Avec une incidence estimée à 176 cas pour 100 000 habitants, Haïti présenterait l’un des taux d’accident vasculaire cérébral (AVC) les plus élevés de la Caraïbe et de l’Amérique latine, selon des données rapportées par les National Institutes of Health (NIH). Plus de la moitié des patients étudiés seraient âgés de 19 à 65 ans, tandis que les femmes représenteraient environ 64 % des cas recensés dans certaines études hospitalières. Face à cette situation, les spécialistes insistent sur l’importance de la prévention et de la rapidité de la prise en charge.
L’accident vasculaire cérébral (AVC), communément appelé « stroke », constitue une urgence médicale et un problème de santé publique majeur. En Haïti, des professionnels de santé rapportent une présence importante de cette pathologie dans les établissements hospitaliers et s’inquiètent particulièrement de la proportion de patients relativement jeunes.
Les données disponibles montrent en effet que l’AVC ne touche pas uniquement les personnes âgées. Plus de la moitié des patients recensés dans certaines études se situeraient entre 19 et 65 ans. Des cas chez des adultes encore plus jeunes sont également rapportés, alimentant les préoccupations des professionnels de santé.
Le stress et les facteurs de risque cardiovasculaire
Selon plusieurs spécialistes, les conditions de vie particulièrement difficiles auxquelles est confrontée une partie de la population haïtienne pourraient contribuer à aggraver certains facteurs de risque cardiovasculaire.
Le stress chronique, l’insécurité, les difficultés économiques et les conditions de vie précaires peuvent s’ajouter à des facteurs médicaux bien établis, tels que l’hypertension artérielle, le diabète, le tabagisme, la sédentarité et une alimentation déséquilibrée.
« L’hypertension artérielle non contrôlée demeure l’un des principaux facteurs de risque d’AVC », explique un jeune médecin exerçant actuellement en Haïti, qui souligne également l’importance du suivi médical et du contrôle des maladies chroniques.
Deux principales formes d’AVC
Il existe principalement deux types d’accidents vasculaires cérébraux.
L’AVC ischémique, le plus fréquent, survient lorsqu’un caillot ou une obstruction empêche le sang de circuler normalement vers une partie du cerveau. L’AVC hémorragique, quant à lui, se produit lorsqu’un vaisseau sanguin se rompt et provoque un saignement dans ou autour du cerveau.
Dans les deux cas, la rapidité de la prise en charge est déterminante. Plus le traitement intervient rapidement, plus il est possible de limiter les lésions cérébrales et les séquelles.
Reconnaître les signes et agir rapidement
Les spécialistes recommandent à la population de connaître les principaux signes d’alerte d’un AVC. La méthode BE FAST permet notamment de retenir plusieurs symptômes : perte soudaine de l’équilibre, troubles de la vision, affaissement d’un côté du visage, faiblesse ou engourdissement d’un bras ou d’une jambe et difficultés soudaines à parler.
À l’apparition de tels symptômes, chaque minute compte. Le patient doit être transporté le plus rapidement possible vers un établissement capable d’assurer une prise en charge adaptée.
Un système de soins confronté à d’importantes contraintes
En Haïti, cette prise en charge demeure particulièrement difficile en raison des limites du système de santé. L’accès aux examens d’imagerie, notamment au scanner et à l’IRM, peut être insuffisant dans plusieurs régions. Le manque de structures spécialisées et de professionnels formés à la prise en charge neurologique constitue également un défi.

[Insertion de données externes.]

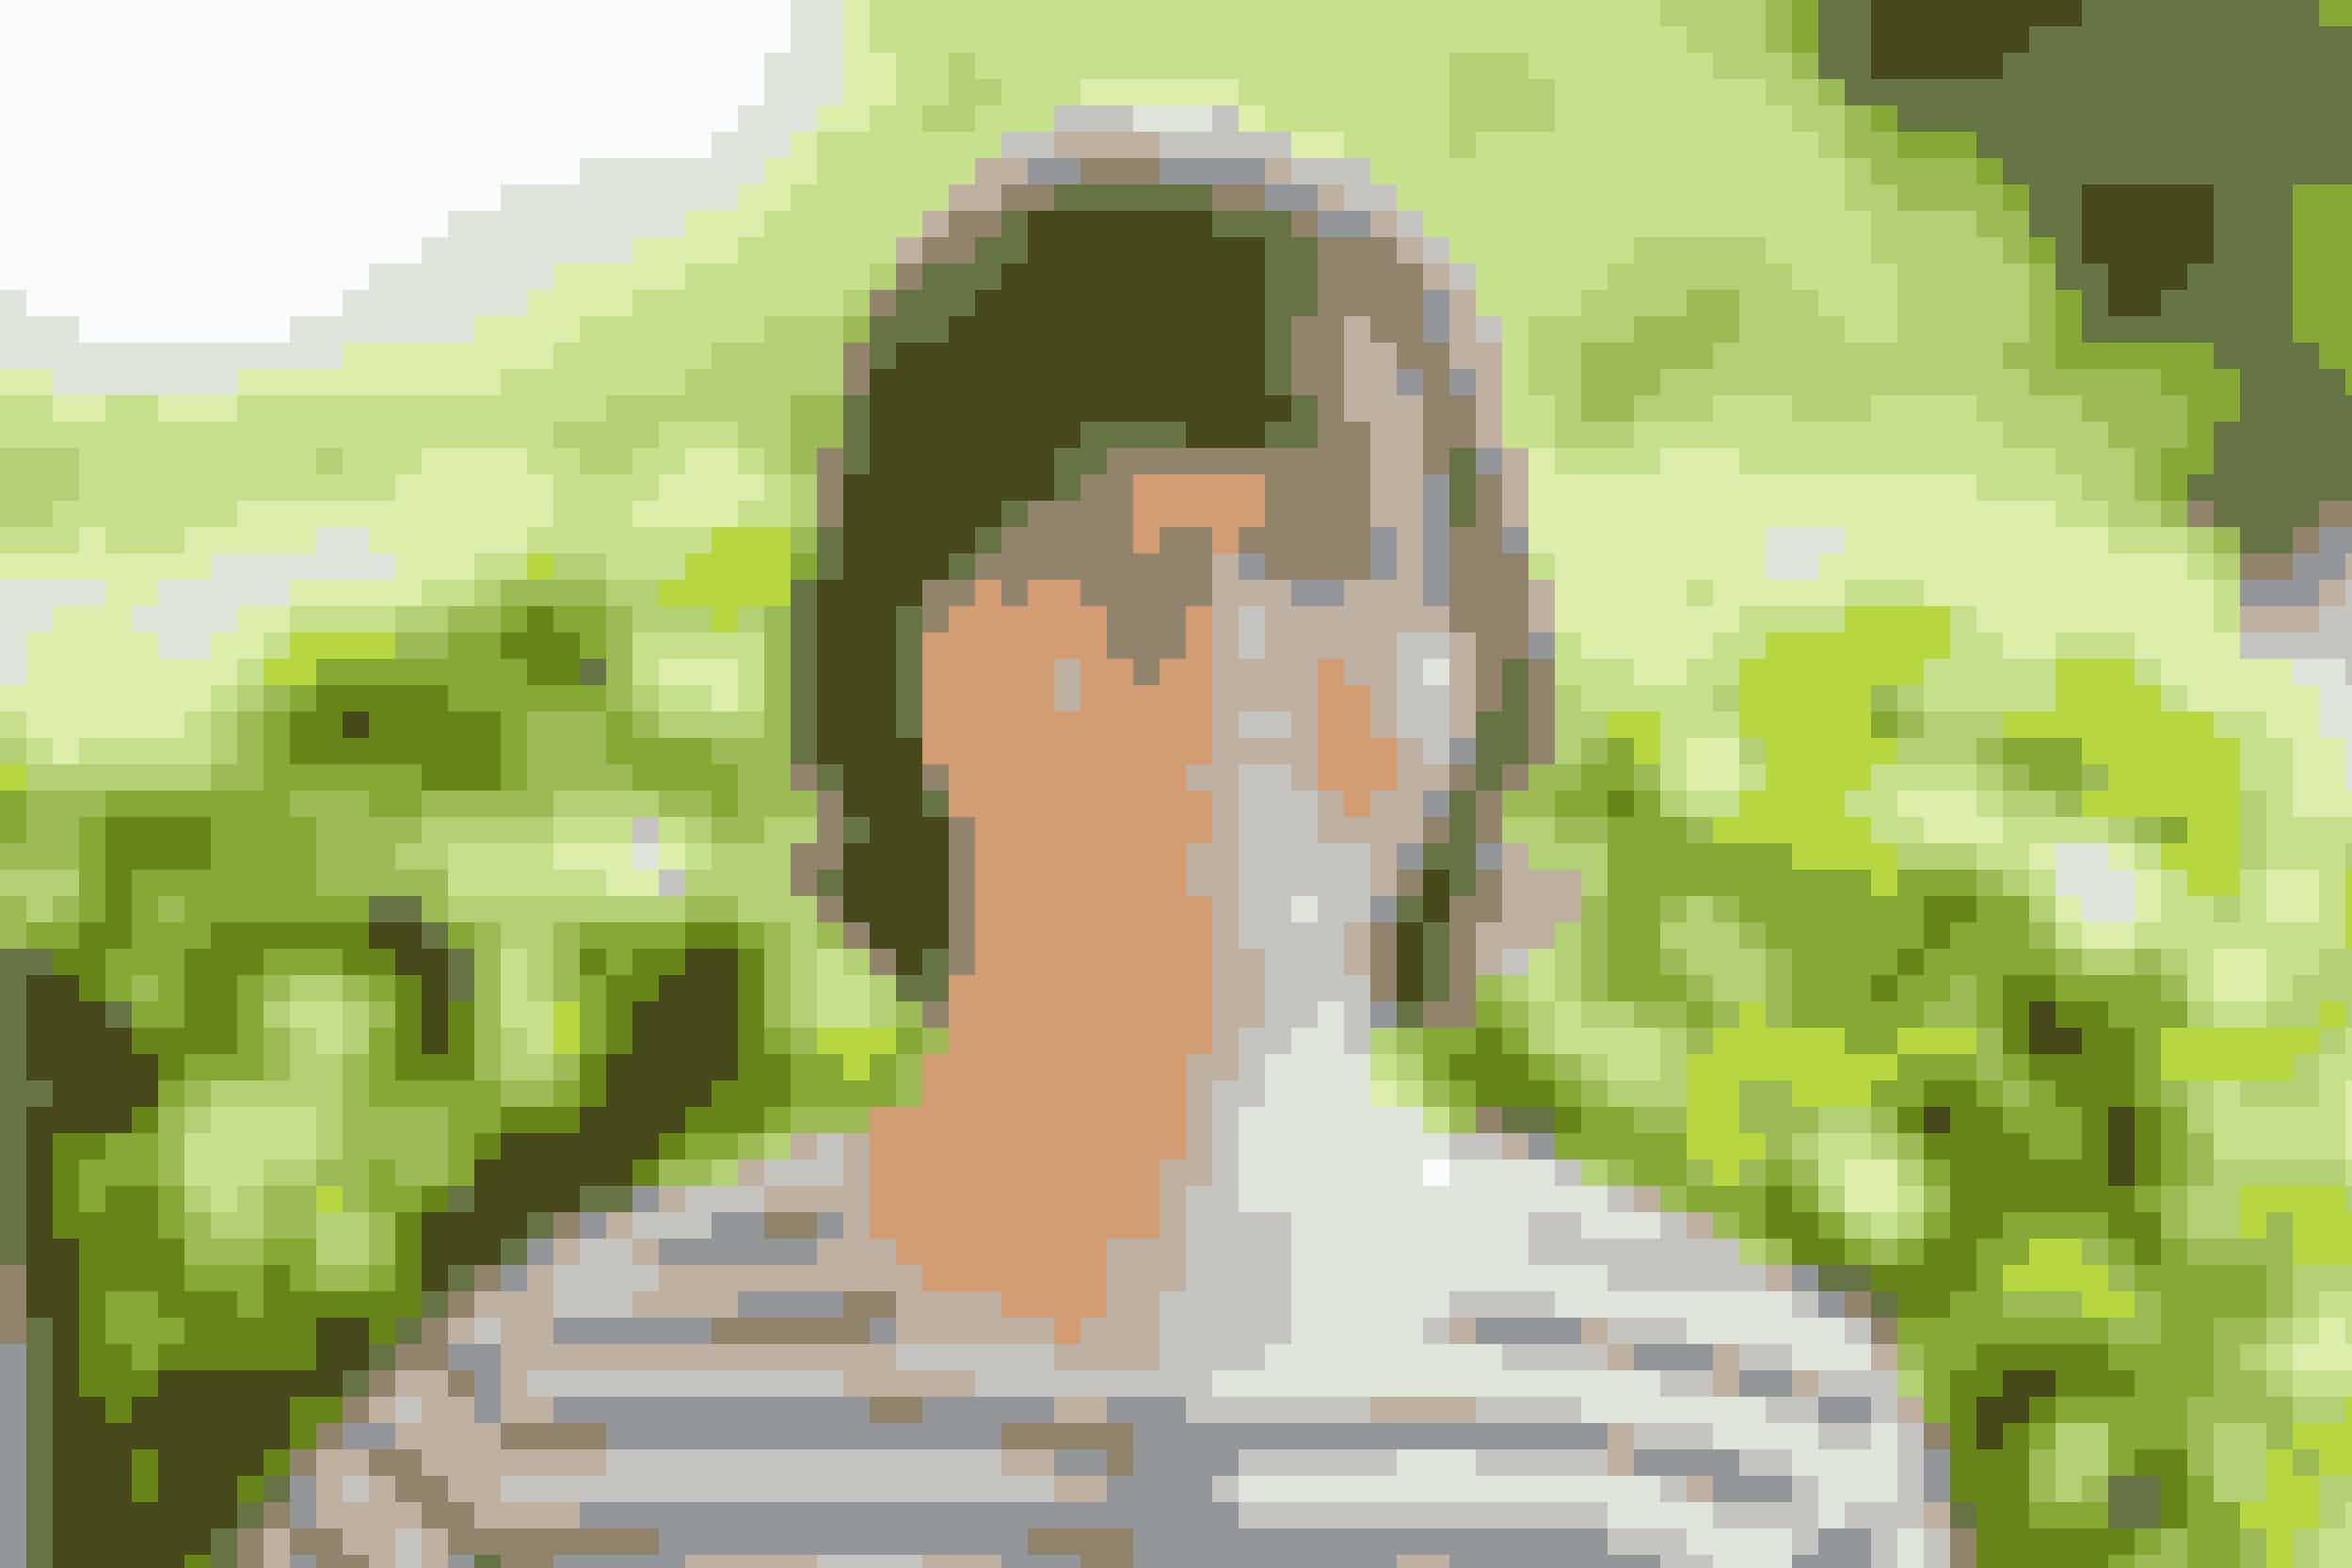 Aksel 14 årAksel går i samme klasse som Caroline. Hans far er fra Tyskland, og Aksel har større søskende i Tyskland, som han af og til besøger. Hos mor har Aksel også en bror, som er plejebarn.Ifølge sin lærer, Annemarie, er Aksel god til at gøre sig umage i skolen. Ifølge Aksel selv, er han god til at kysse og kramme.Hvad kan du bedst lide?– Diskofest med islagkage og dejlig mad, svarer Aksel.– Især pølse og leverpostej, præciserer han efter at have tænkt lidt over spørgsmålet. Og ostemadder – og kram.Aksel samler på ting – også andres ting. Så hvis man har mistet noget, kan man som regel finde det i Aksels taske. Det er kun noget, han låner.I skolen kan Aksel bedst lide at tegne. Han er omhyggelig og især god til at tegne geometriske figurer og holde sig inden for stregerne.Når han bliver ældre, vil han gerne tegne eller arbejde i bageriet i landsbyen, som mange andre tidligere elever i specialklasserne gør.

À ces contraintes médicales s’ajoutent les difficultés d’accès aux établissements de santé. Dans certaines régions, les patients peuvent mettre plusieurs heures avant d’atteindre un centre hospitalier en mesure de les prendre en charge.
Or, dans le cas d’un AVC, ce retard peut avoir des conséquences importantes sur le pronostic du patient.
La prévention au cœur des recommandations
Face à ces difficultés, les spécialistes insistent sur la prévention, notamment par le contrôle régulier de la tension artérielle, la prise en charge du diabète, l’adoption d’une alimentation équilibrée, la pratique régulière d’une activité physique et la réduction, autant que possible, des facteurs de risque cardiovasculaire.
Ils appellent également à une meilleure sensibilisation de la population aux signes d’alerte de l’AVC afin que les patients puissent consulter sans délai.
En Haïti, où les contraintes d’accès aux soins compliquent déjà la prise en charge des urgences médicales, une meilleure connaissance des symptômes et une intervention plus rapide pourraient contribuer à réduire les risques de décès et de séquelles liés aux accidents vasculaires cérébraux.